Because Willis is hardly just all about the 800 at all, as so far this year, she has posted high state honor roll times (compiled assiduously and carefully by the tireless advocate of girls track Dave Figi) in all distances from the 100 to the 1,600.
She is fifth in the 100 (12.64), second in the 200 (25.22), first in the 400 (53.87, just .16 of a second behind Jaworski’s four-year old mark. of 53.71), obviously first for all time in the 800 with the 2:00.78 and just for laughs, she turned in that aforementioned 4:41.46 in the 1,600, which lops precisely 1.74 seconds off the impressive Ms. Novak’s official 2001 mark.
One hazards to think what Willis might be able to do in the 3,200 or even the 100 or 300 low hurdles. Remember Jaworski tried the 300s in 2018 as a break from her 200-400 routine and all she got for her efforts was a complete event rewrite with a still standing 41.4 state record effort that landed her berths in international events.

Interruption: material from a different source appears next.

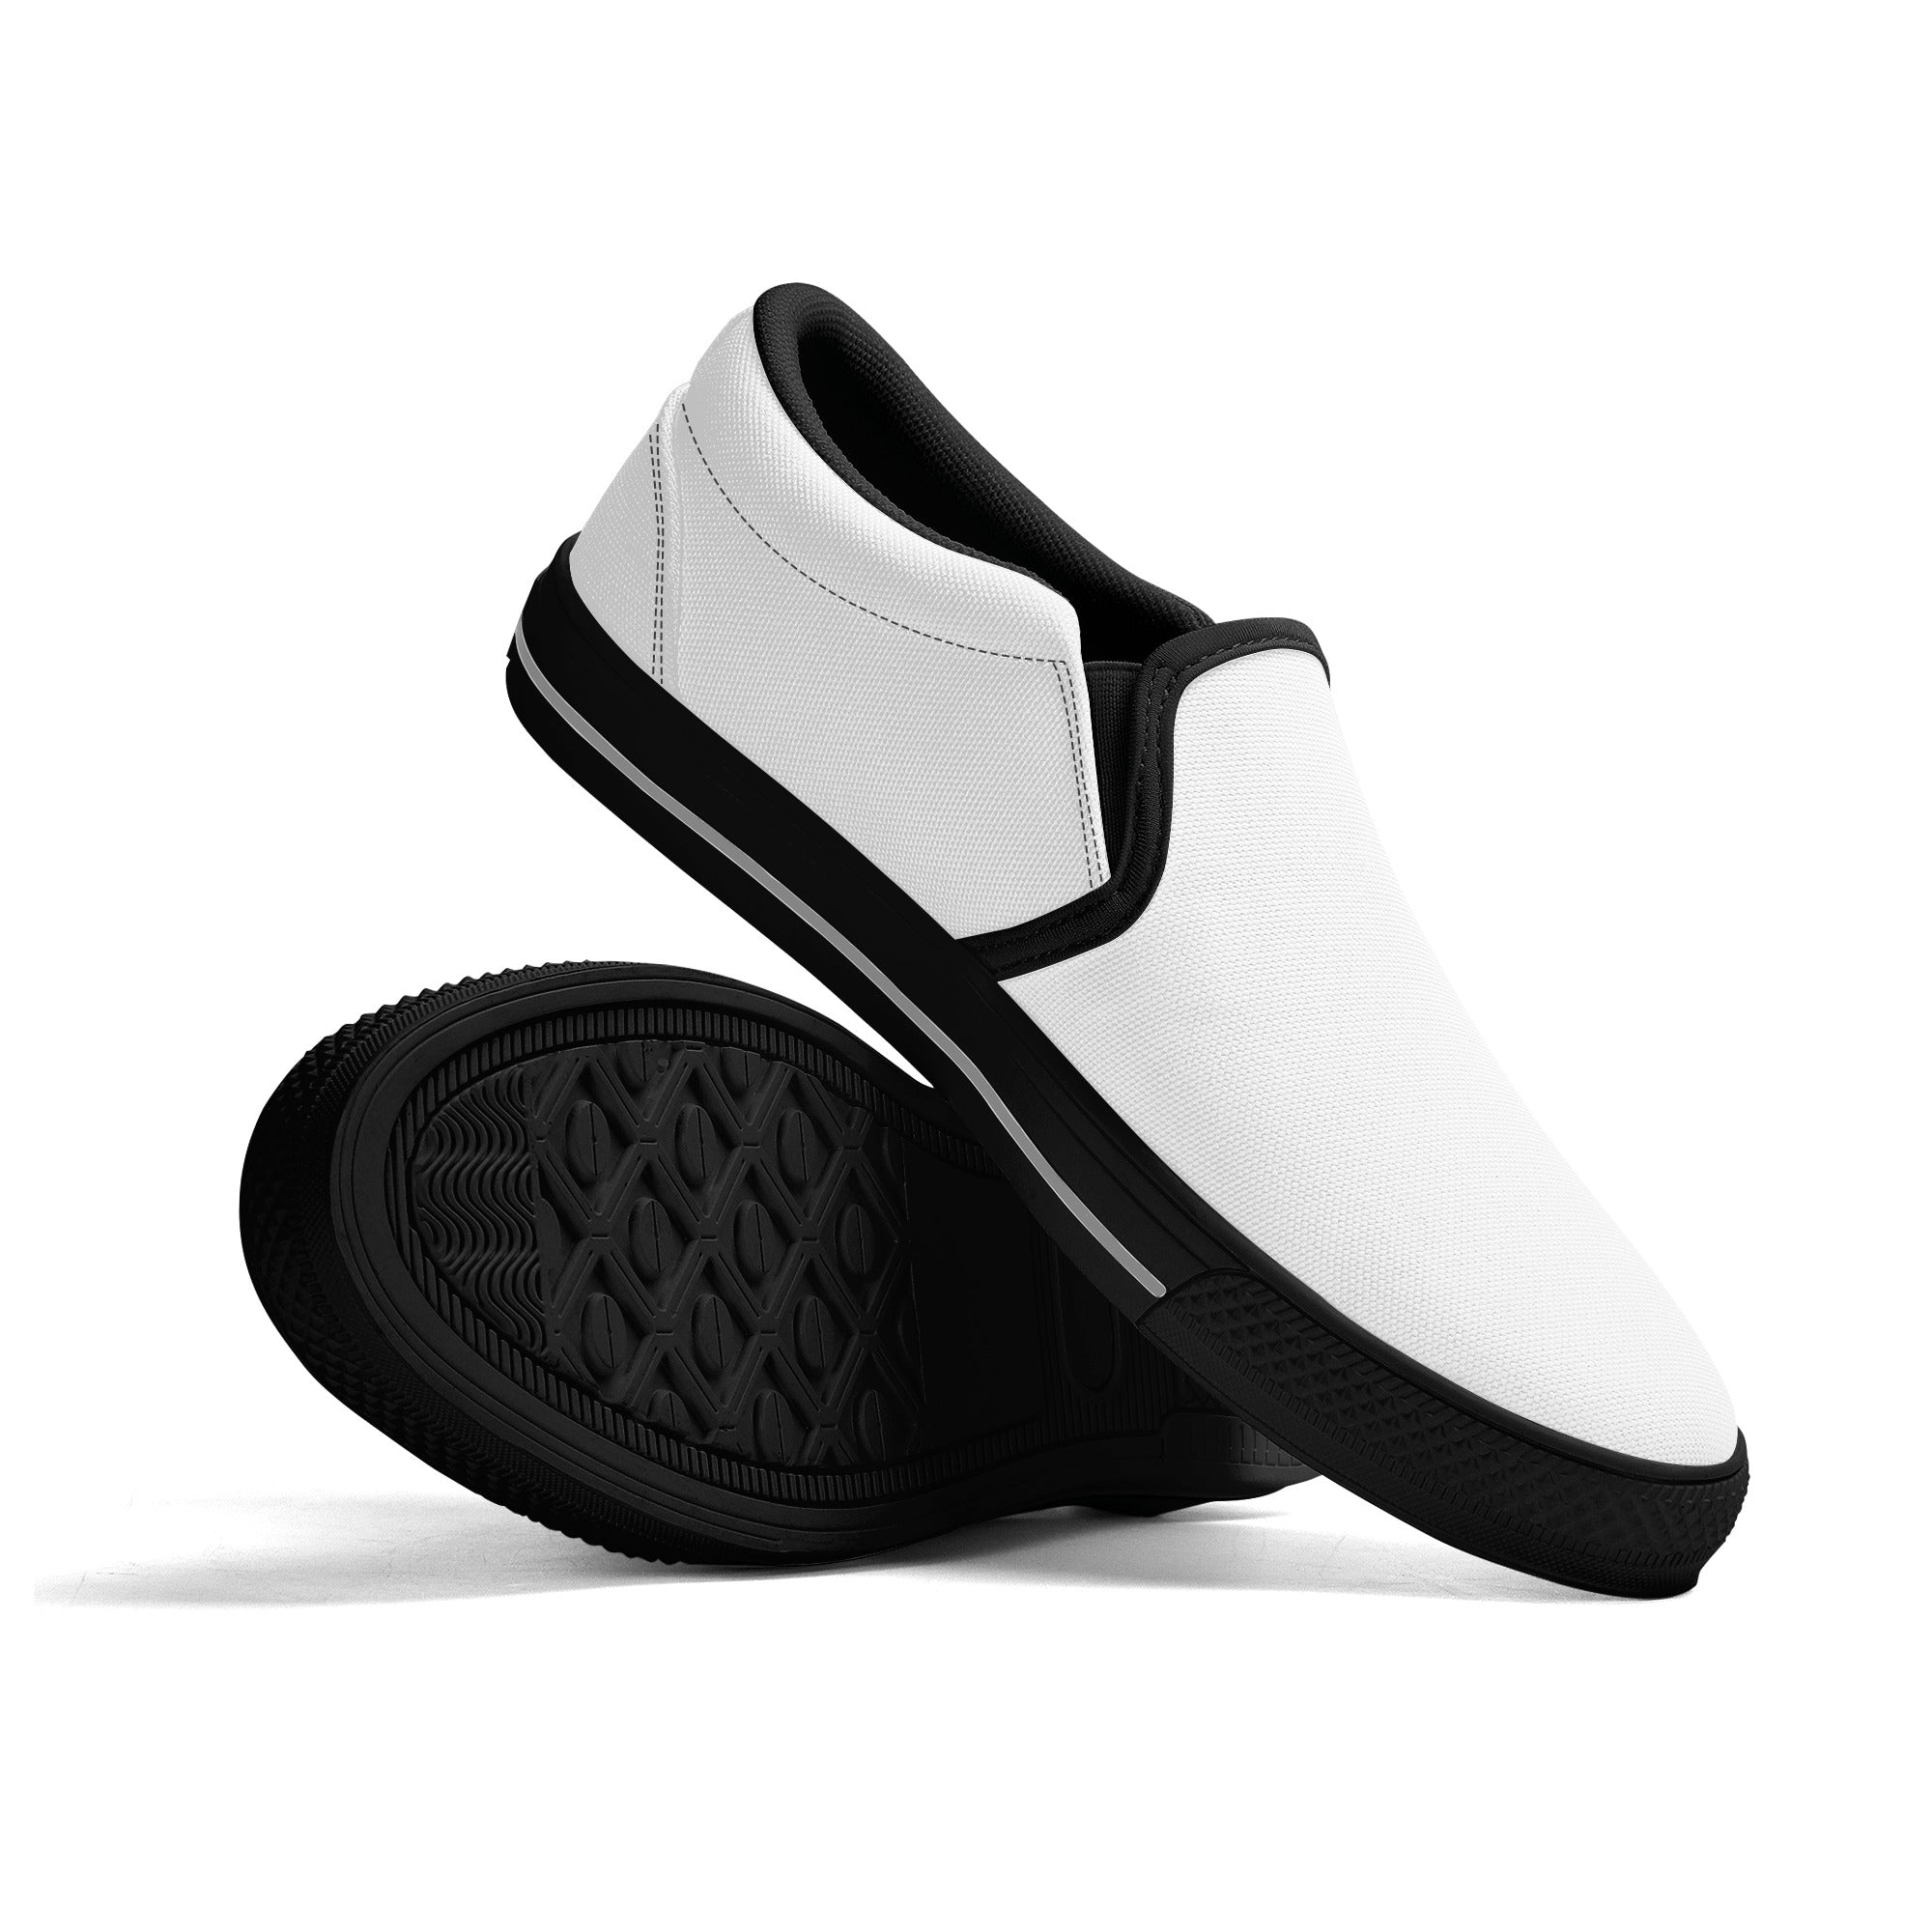 Customizable Slip-on Shoes | Design your own | Shoe Zero

And the international stage is something that track fans across Wisconsin and the nation are beginning to imagine that Willis can reach very quickly and stay there for a long time if she puts her mind to it and stays healthy.
So yes, Roisin Willis, we will miss you terribly at state track in La Crosse June 24-26. Have a good time at the Trials, run fast, run smart and make all your dreams come true.
We’ll be cheering you on!
And maybe, just maybe, we’ll see you in 2022?